INTRODUCTION

Many studies have been performed about the two adipocytokines, leptin and adiponectin, among various adipocyte-derived cytokines thought to be involved in the regulation of metabolic homeostasis [1-3]. Plasma adiponectin concentration has been reported to decrease as the body mass index (BMI) increases and to correlate negatively with insulin resistance [4,5]. Leptin, identified from the genetic animal model of obesity, ob/ob mouse, shows positive correlations with adiposity and insulin resistance, and leptin has been suggested as a sensitive chemical marker for the diagnosis of obesity and obesity-related disease [6,7]. A recent study showed a negative correlation of serum adiponectin level and a positive correlation of serum leptin level with visceral fat area in Korean adults, and these correlations were more significant compared with those of BMI [8]. More recently, the evaluation of the leptin:adiponectin ratio has been suggested as a useful parameter for assessing insulin resistance in patients with and without diabetes [9-12]. Inoue et al. [9,10] reported that the adiponectin/leptin (A/L) ratio was more effective as a parameter of insulin resistance than was adiponectin or leptin alone and was a more sensitive and reliable marker of insulin resistance than was homeostasis model assessment (HOMA)-insulin resistance (IR) in subjects without hyperglycemia, as well as in type 2 diabetes patients. Recently published studies support the previous results on the association of A/L ratio with insulin resistance [11,12]. Furthermore, recent work by Norata et al. [13] reported that leptin:adiponectin ratio is a powerful independent predictor of intima-media thickness and other cardiometabolic parameters in healthy males.

Metabolic syndrome (MS) is a cluster of risk factors for atherosclerotic cardiovascular disease caused by abdominal obesity, such as hyperglycemia, hypertension, dyslipidemia, and insulin resistance [14,15]. Several studies have reported the association of adipokines, especially A/L ratio, with the presence of metabolic syndrome in Chinese and Korean individuals, and they all support the significant role of A/L ratio in the prediction of insulin resistance in subjects with or without metabolic syndrome and diabetes [16,17].

In this study, we investigated the relationships of A/L ratio with cardiovascular risk factors, HOMA-IR, and the presence of metabolic syndrome in apparently healthy Korean male adults. We also analyzed whether A/L ratio would have a more predictable role in the assessment of insulin resistance than did HOMA-IR.

METHODS

Subjects and measurements

Sixty-eight males were enrolled among the participants in the annual health check-up program in MizMedi Hospital, Seoul, Korea from January to December 2002. Among the total 561 male participants during the period, those with diabetes mellitus, hyperthyroidism, pituitary disease, hypogonadism, chronic liver disease, or chronic renal disease were excluded. The study protocol conformed to the ethical guidelines of the 1975 Declaration of Helsinki, as reflected in a priori approval by the institution's human research committee.
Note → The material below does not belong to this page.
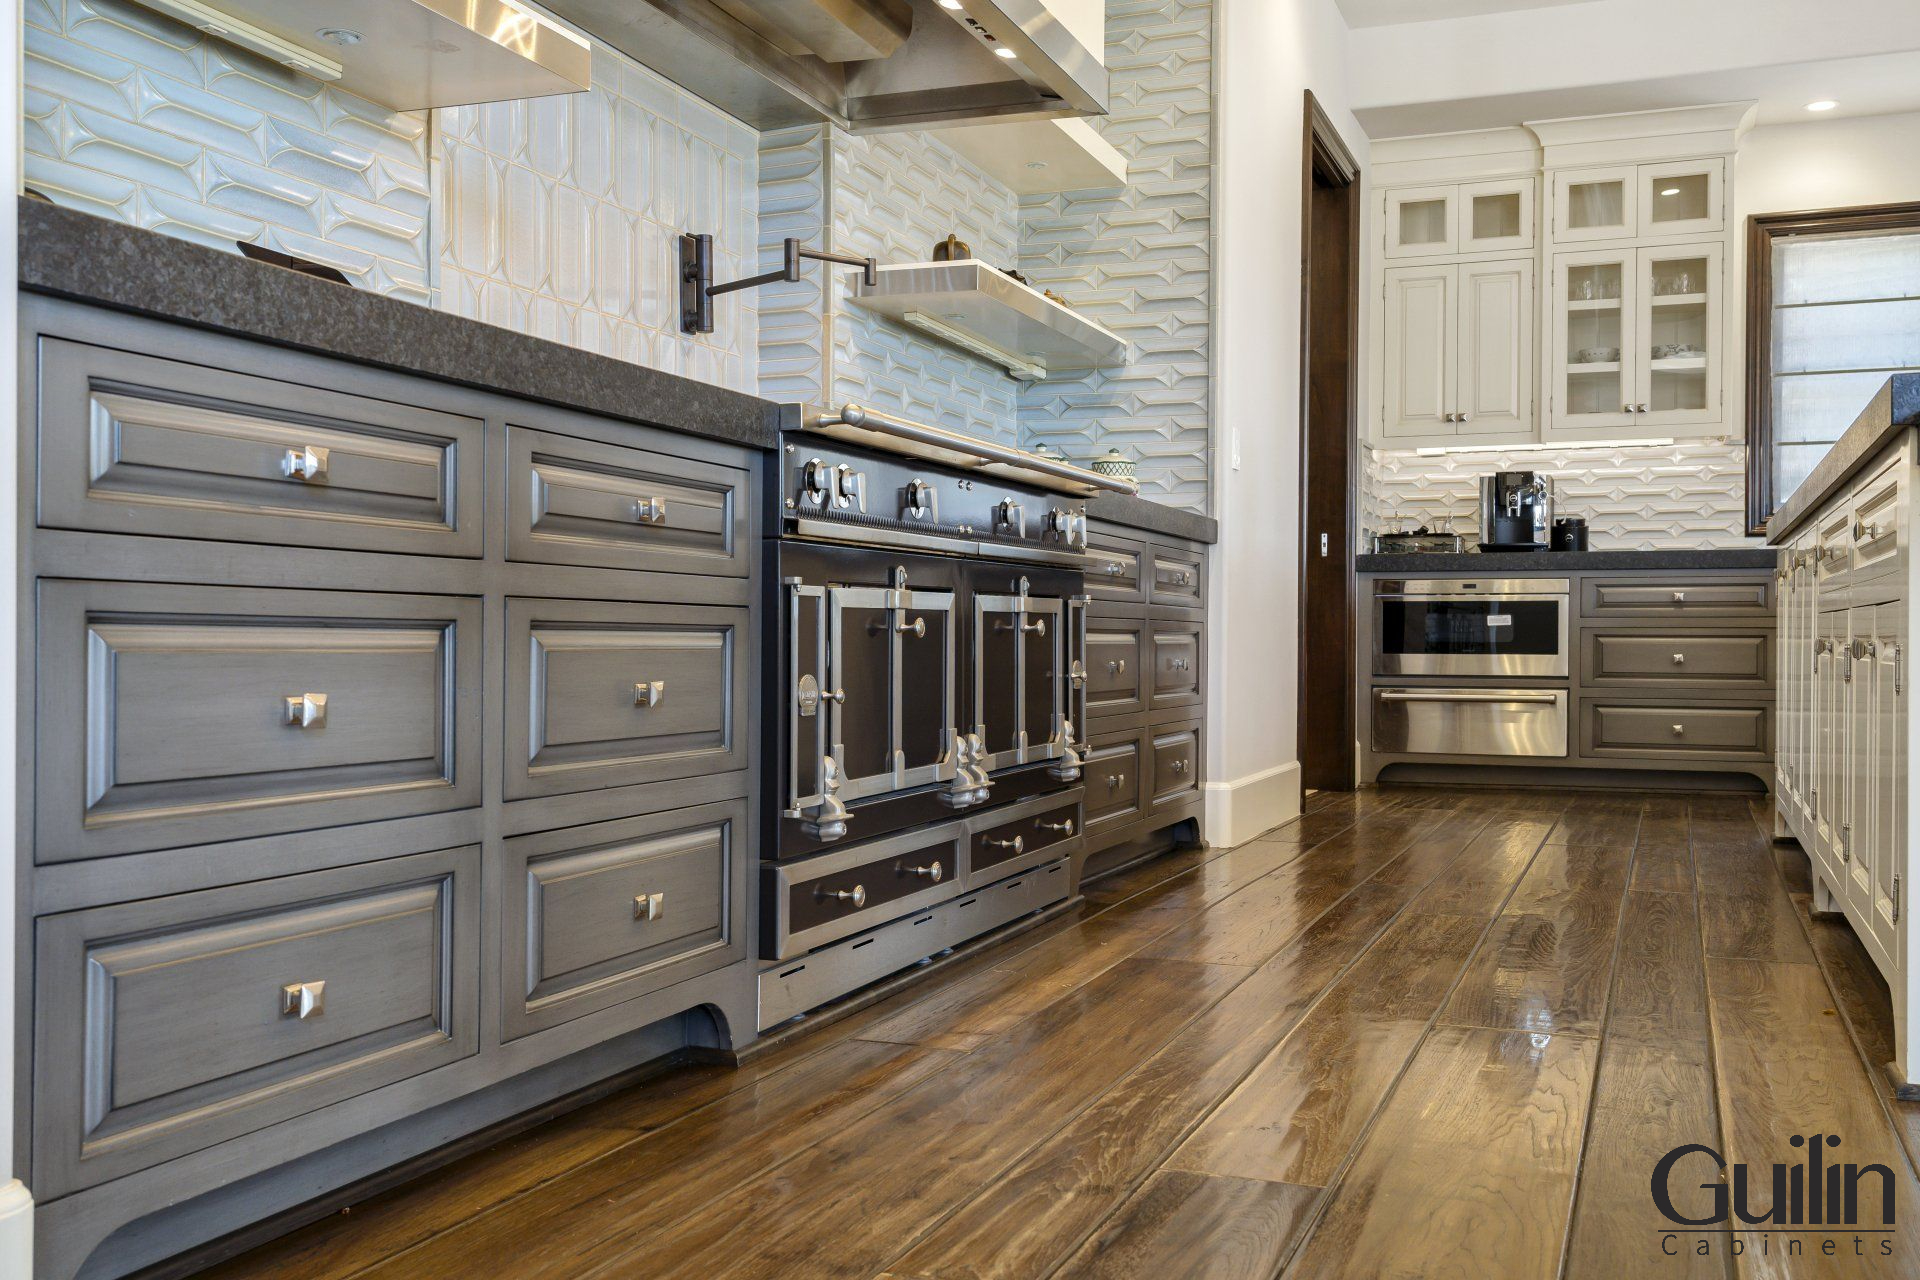 The traditional style kitchen offers a wide range of materials and textures for both classic and contemporary kitchens.

Height, weight, waist circumference, and systolic and diastolic blood pressures were measured in duplicate, and the results were averaged. Weight and height were measured in kg and cm, respectively, down to two decimal points. The BMI was calculated by dividing the weight (kg) with the square of the height (m²). Percent body fat (PBF, %) was measured using a bioelectric impedance analyzer (InBody 3.0; Biospace Co. Ltd., Seoul, Korea).

Blood samples were taken after overnight fasting; serum was separated, stored at -80℃, and were analyzed at a later time. Fasting blood glucose (FBG), total cholesterol (TC), triglyceride (TG), high density lipoprotein cholesterol (HDL-C), and low density lipoprotein cholesterol (LDL-C) were measured. The hexokinase method was used to measure blood glucose levels, and an enzymatic colorimetric test was used to measure the TC and TG levels. The selective inhibition method was used to measure the level of HDL-C, and the homogeneous enzymatic colorimetric test was used to measure the level of LDL-C (ADVIA 1650; Bayer Health Care, Tarrytown, NY, USA). Serum leptin level was measured using radioimmunoassay (LINCO Research, St Charles, MO, USA), and adiponectin level was measured using an enzyme-linked immunosorbent assay (B-Bridge International, Tokyo, Japan). The intra-assay coefficient of variation (CV) of leptin was 3.4 to 8.3%, and the inter-assay CV was 3.0 to 6.2%. The intra-assay CV of was 4.6 to 5.8%, and the inter-assay CV was 3.2 to 7.3%.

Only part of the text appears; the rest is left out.